# Ringling Bros. memories.



## dennytodd (Nov 1, 2008)

Apparently the next Extreme Trains show, 11/18/08, will be about Ringling Bros. this triggered old memories. My first experience was in late 40’s when at the crack of dawn my dad took me down to observe the arrival of the Ringling Bros. & Barnum & Bailey Circus trains. I remember the steam engines pulling the freight and passenger cars into the yard. As clear to me today as back then, parking in the yard with the old coaling tower on the left and the round house on the right. Watching the off load of the trucks and wagons. The ramps at the end of the train flat car with the cable wrapped around the two steel posts. The man that would hook the cable to the ring on the back of the wagons just before the wagon went down the ramp. The squeal of the cable on the posts controlling the wagons. The impressive bull dog on the hood of the brightly painted Mac trucks with there chain drives pulling the wagons to the circus set up site. Being hired to help put up the big top. Pulling out the canvas. The men with there needles and thread repairing the rips from the last show while we lashed the sections of canvas together. Using elephants to pull the canvas up the main support posts. Receiving a free circus pass for the work. Thank god I can still line up my chromosomes to enjoy old train memories like this.
If only I had a video camera back then.


----------



## Boston&Maine (Dec 19, 2007)

It sounds like you had a good time back then; having pictures would have been cool... I have never been to a circus, only fairs...


----------



## T-Man (May 16, 2008)

*I hate to do this.*

Warning! this material is detrimental to your savings!

http://www.lionel.com/Products/Catalogs/Catalog.cfm?CatalogUID=081E5D32-B5F7-C6B9-8B388993D4100E58&PageID=1750
All the Circus Stuff you ever need.
Bob

There is a Circus that stops over by the Rye Airport. It's the Clyde Beatty I think. A big treat is to be there when they raise the big top!


----------



## mcnay55 (Oct 21, 2008)

*PT Barnum and Jumbo*

I live in London-St. Thomas, Ontario Canada. In St. Thomas, they have a full size statue of 'Jumbo' the elephant. Apparently back in 1885 when P.T Barnum came to town, Jumbo ran away and was hit by a locomotive. I wonder if they will mention anything abot that... ? St. Thomas for a time was known as 'the railway capital', being that over 20 major lines passed through it. No wonder poor Jumbo got hit.


----------



## Boston&Maine (Dec 19, 2007)

dennytodd said:


> Apparently the next Extreme Trains show, 11/18/08, will be about Ringling Bros.

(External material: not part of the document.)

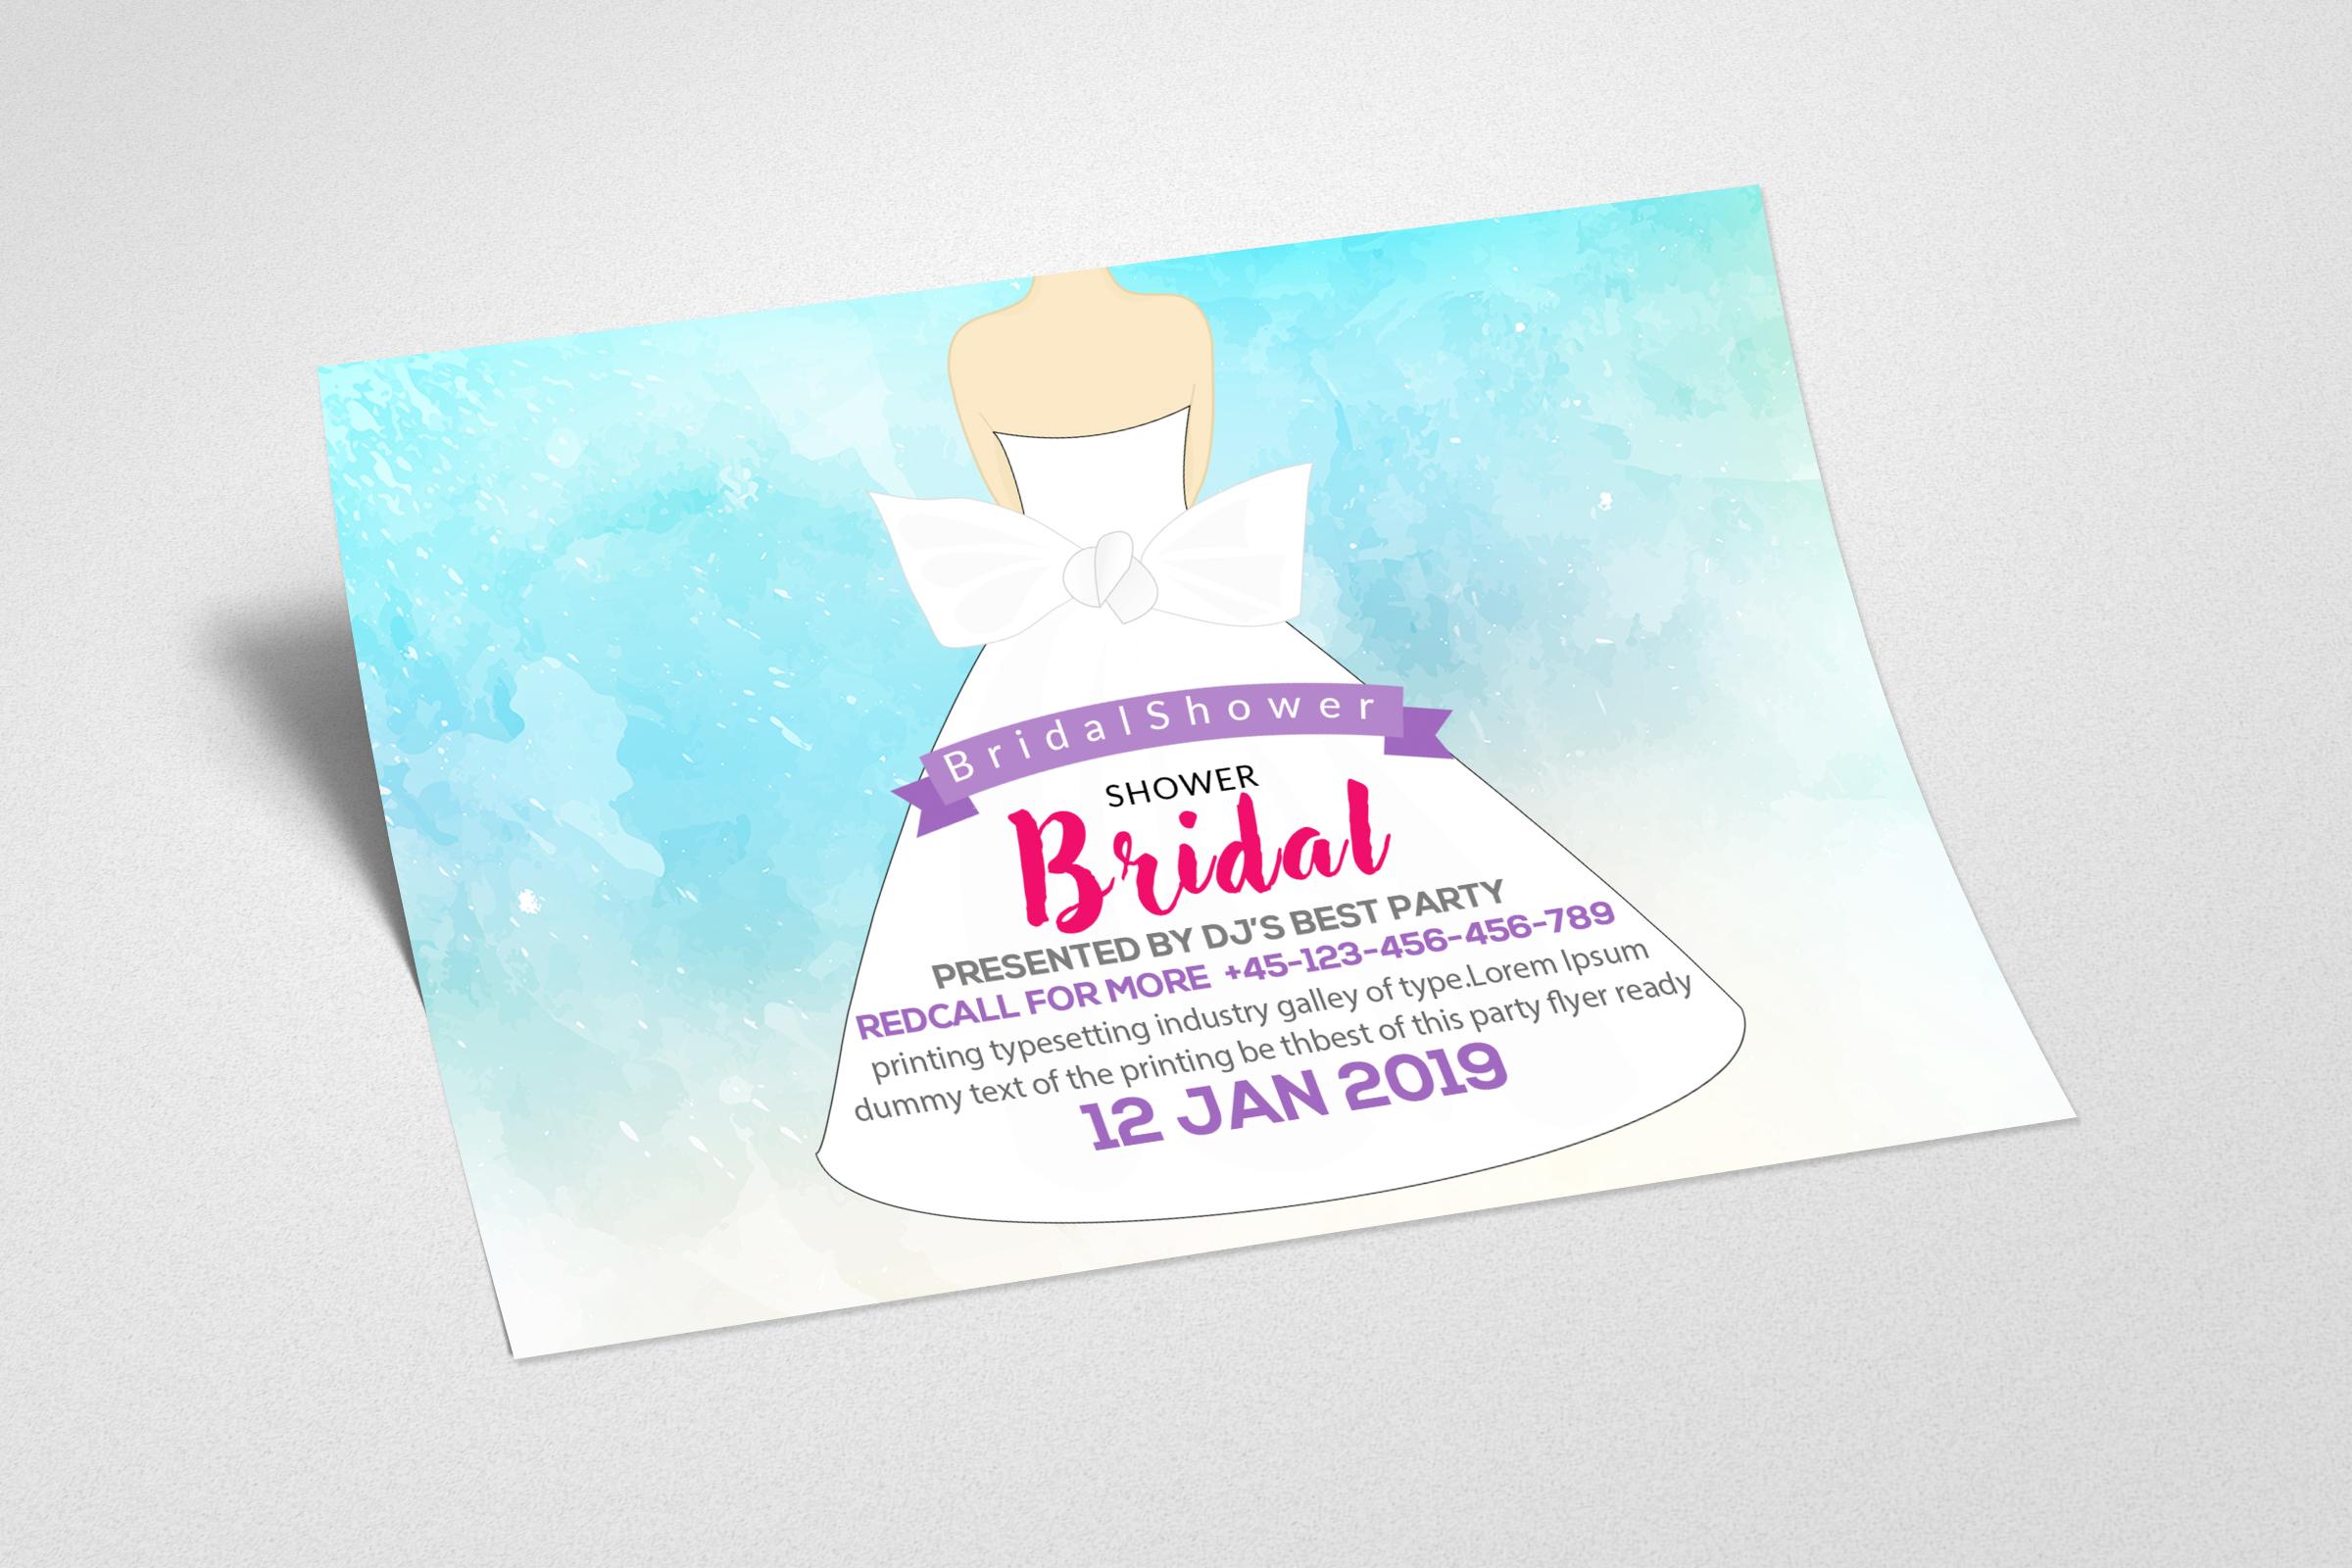 Bridal Shower Invitation Card example image 2
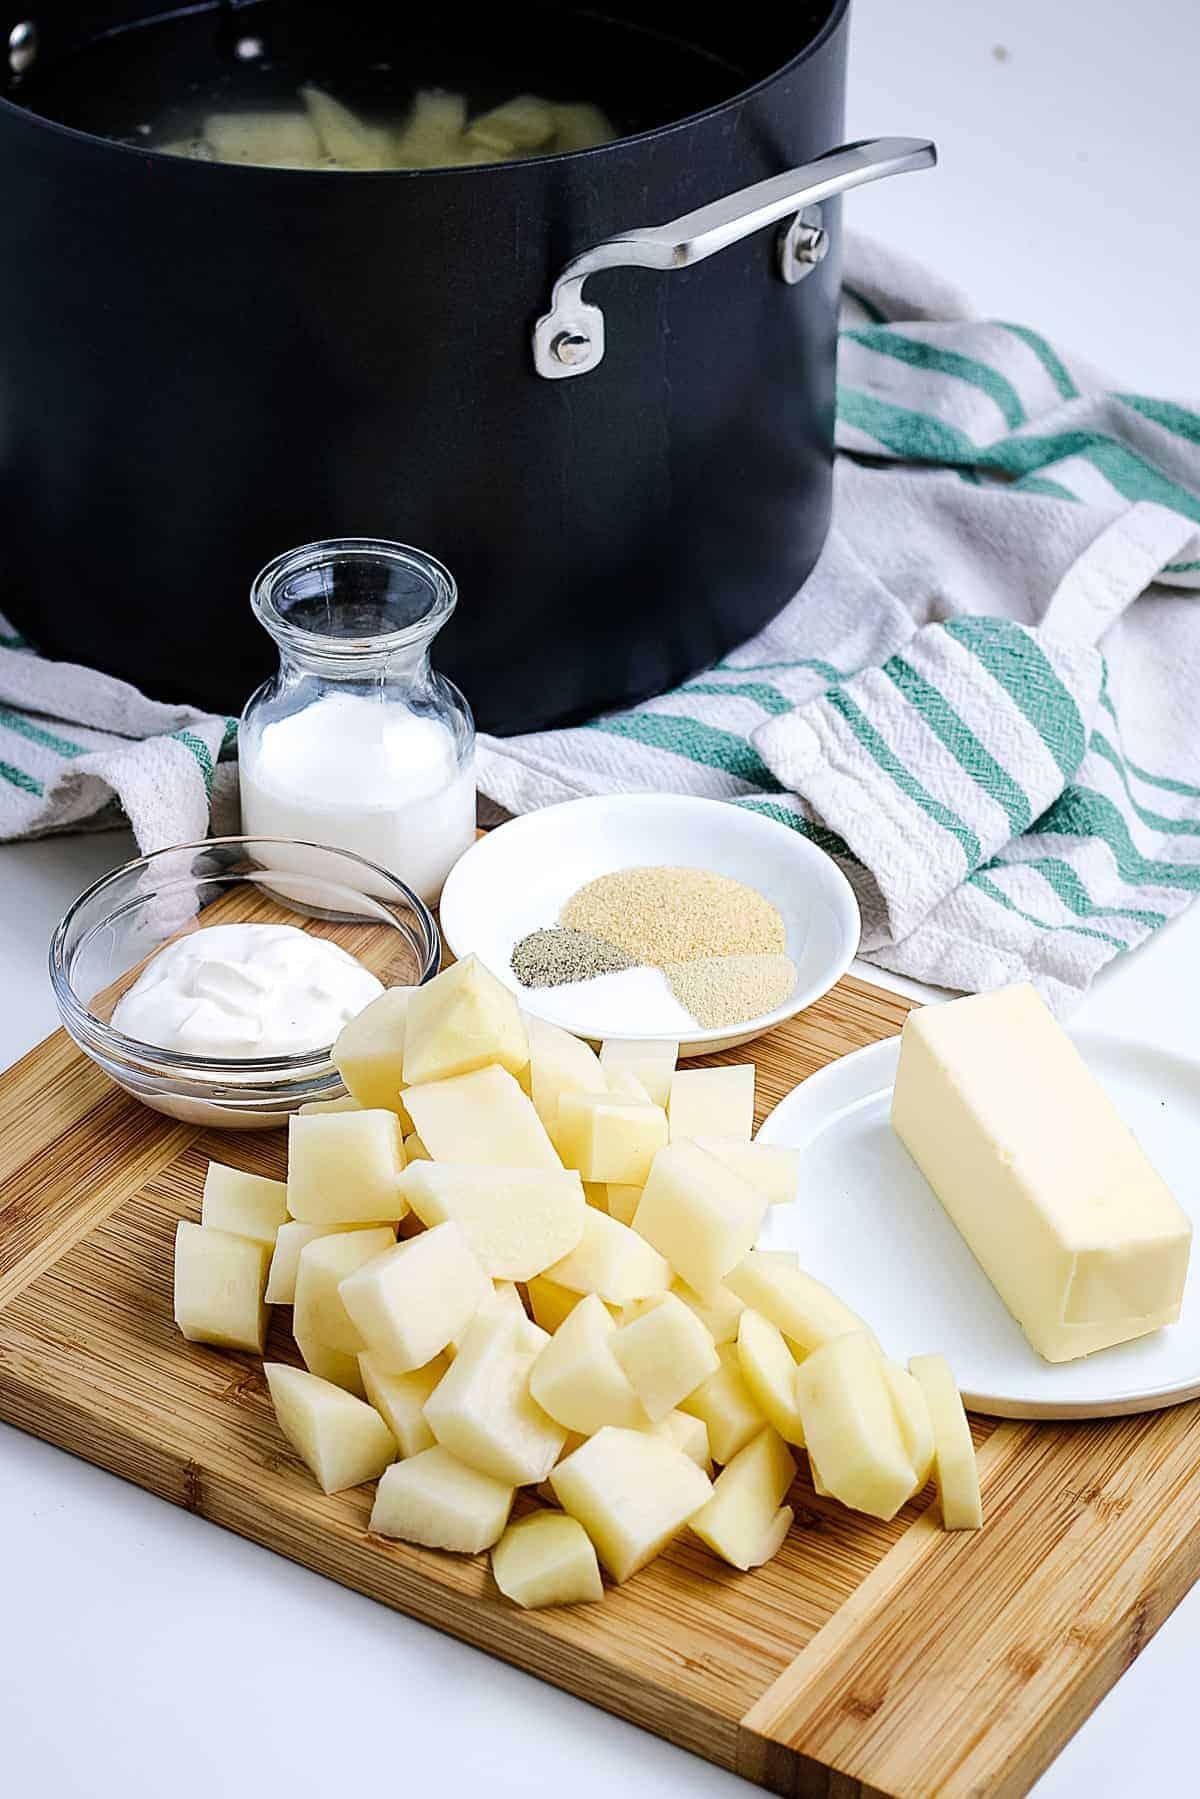 Ingredients to Make mashed potatoes on cutting board

Hey, it is on right now Denny... I hope you remembered about this


----------



## tworail (Apr 13, 2006)

mcnay55 said:


> I live in London-St. Thomas, Ontario Canada. In St. Thomas, they have a full size statue of 'Jumbo' the elephant. Apparently back in 1885 when P.T Barnum came to town, Jumbo ran away and was hit by a locomotive. I wonder if they will mention anything abot that... ? St. Thomas for a time was known as 'the railway capital', being that over 20 major lines passed through it. No wonder poor Jumbo got hit.


Good ol Jumbo.. my family has lots of roots in St Thomas (McCormick) so I visit every now and then.. got a pic of me and Jumbo this summer:










My great Uncle would tell me that in it's heyday, there would be a train running through St Thomas every 8 minutes, no exaggeration


----------



## stationmaster (Dec 7, 2008)

I must live fairly close to Heaven. I live less than 20 minutes from Peru, Indiana, Circus Capital of the World. The circus grounds are still there although not used any more.


----------